#### WHAT IS NEEDED
Print every line of the listing below, starting with the line that holds "Coloriage prénom Booker Pixel" and going on through the line that holds "- rozmiary: XL-3XL", both included, and print nothing else.

#### PROVIDED RECORDS
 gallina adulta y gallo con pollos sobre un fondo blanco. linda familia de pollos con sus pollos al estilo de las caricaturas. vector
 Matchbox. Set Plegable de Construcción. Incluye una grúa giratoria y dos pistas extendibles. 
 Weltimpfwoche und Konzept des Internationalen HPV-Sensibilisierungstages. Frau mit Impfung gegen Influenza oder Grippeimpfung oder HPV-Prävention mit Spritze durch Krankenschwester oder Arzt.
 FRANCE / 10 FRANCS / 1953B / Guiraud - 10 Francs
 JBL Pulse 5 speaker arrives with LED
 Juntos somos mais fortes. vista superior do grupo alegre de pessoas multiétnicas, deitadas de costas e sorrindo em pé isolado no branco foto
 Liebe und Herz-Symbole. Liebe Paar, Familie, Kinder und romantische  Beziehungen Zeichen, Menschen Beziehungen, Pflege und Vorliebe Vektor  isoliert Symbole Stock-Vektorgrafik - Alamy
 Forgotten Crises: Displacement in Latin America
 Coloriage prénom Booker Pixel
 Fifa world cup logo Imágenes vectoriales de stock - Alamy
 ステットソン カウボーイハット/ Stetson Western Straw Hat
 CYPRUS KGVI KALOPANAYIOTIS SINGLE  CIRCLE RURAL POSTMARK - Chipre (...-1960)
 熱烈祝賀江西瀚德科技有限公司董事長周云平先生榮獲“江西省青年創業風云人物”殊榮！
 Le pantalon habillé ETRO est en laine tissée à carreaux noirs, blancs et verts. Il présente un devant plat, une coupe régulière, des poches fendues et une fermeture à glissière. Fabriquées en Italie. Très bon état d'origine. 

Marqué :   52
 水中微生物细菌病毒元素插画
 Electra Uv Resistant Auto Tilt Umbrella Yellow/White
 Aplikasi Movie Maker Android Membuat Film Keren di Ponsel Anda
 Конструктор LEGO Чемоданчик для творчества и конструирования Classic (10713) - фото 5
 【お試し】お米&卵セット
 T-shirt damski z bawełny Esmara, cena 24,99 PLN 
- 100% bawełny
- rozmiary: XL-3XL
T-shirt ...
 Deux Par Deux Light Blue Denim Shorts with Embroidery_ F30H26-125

#### TASK OUTPUT
 Coloriage prénom Booker Pixel
 Fifa world cup logo Imágenes vectoriales de stock - Alamy
 ステットソン カウボーイハット/ Stetson Western Straw Hat
 CYPRUS KGVI KALOPANAYIOTIS SINGLE  CIRCLE RURAL POSTMARK - Chipre (...-1960)
 熱烈祝賀江西瀚德科技有限公司董事長周云平先生榮獲“江西省青年創業風云人物”殊榮！
 Le pantalon habillé ETRO est en laine tissée à carreaux noirs, blancs et verts. Il présente un devant plat, une coupe régulière, des poches fendues et une fermeture à glissière. Fabriquées en Italie. Très bon état d'origine. 

Marqué :   52
 水中微生物细菌病毒元素插画
 Electra Uv Resistant Auto Tilt Umbrella Yellow/White
 Aplikasi Movie Maker Android Membuat Film Keren di Ponsel Anda
 Конструктор LEGO Чемоданчик для творчества и конструирования Classic (10713) - фото 5
 【お試し】お米&卵セット
 T-shirt damski z bawełny Esmara, cena 24,99 PLN 
- 100% bawełny
- rozmiary: XL-3XL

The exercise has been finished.